He said it’s a test of whether you want what he called a “Goldilocks device” – not as fancy as Samsung’s top-tier model at $1300, but jazzier than other high-end Samsung phones.

Samsung says the S25 Edge is 5.8mm thick, not including the protruding camera lenses on the back of the phone, and assuming you don’t use a case. For comparison, Samsung’s new S25 (non-thin) phone is 7.2mm and the iPhone 16 is 7.8mm.

Eyeballing my ruler, I can barely see the difference between 6mm and 7mm.

Gaiser said the new model’s size and weight “makes a huge difference in your hand” – and some early reviewers said the same.

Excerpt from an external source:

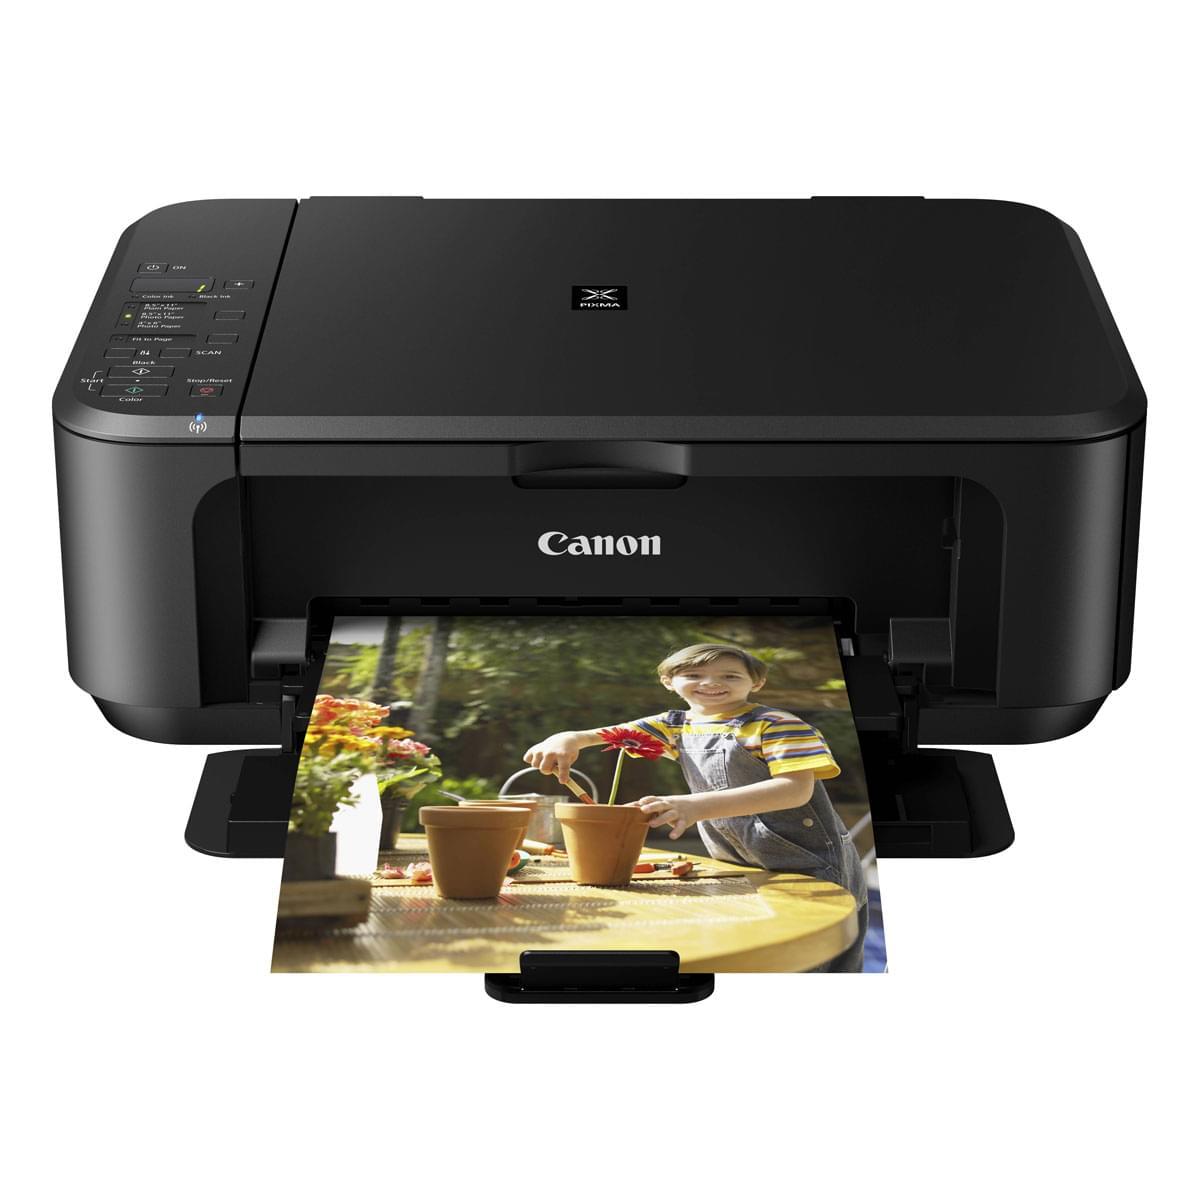 Canon PIXMA MG3250 (Recto-Verso/ WI-FI) (6223B006 obso) - Achat / Vente Imprimante Multifonction sur Cybertek.fr - 0

But the trade-off of slimness is a lower capacity battery than that of comparable new Galaxy devices, which typically means shorter battery life. That could be too big of a compromise for some of you.

Apple’s rumoured new 5.5mm deep iPhone Air will also reportedly have drawbacks, including wimpier battery life. To compensate, Apple will sell a case with a backup battery built in, the Information reported.

Gaiser said Samsung made the phone more efficient to go easy on the battery. Apple plans to do the same with its new models, Bloomberg News reported.

Skinny phones are born of desperation

Ultimately, the motivation behind slimmer phones is jolting smartphone sales, which are lower today than they were in 2017, according to figures from research firm IDC.

You know why. Smartphones don’t change much from year to year, and they’re good enough now to hold on to them for a long time.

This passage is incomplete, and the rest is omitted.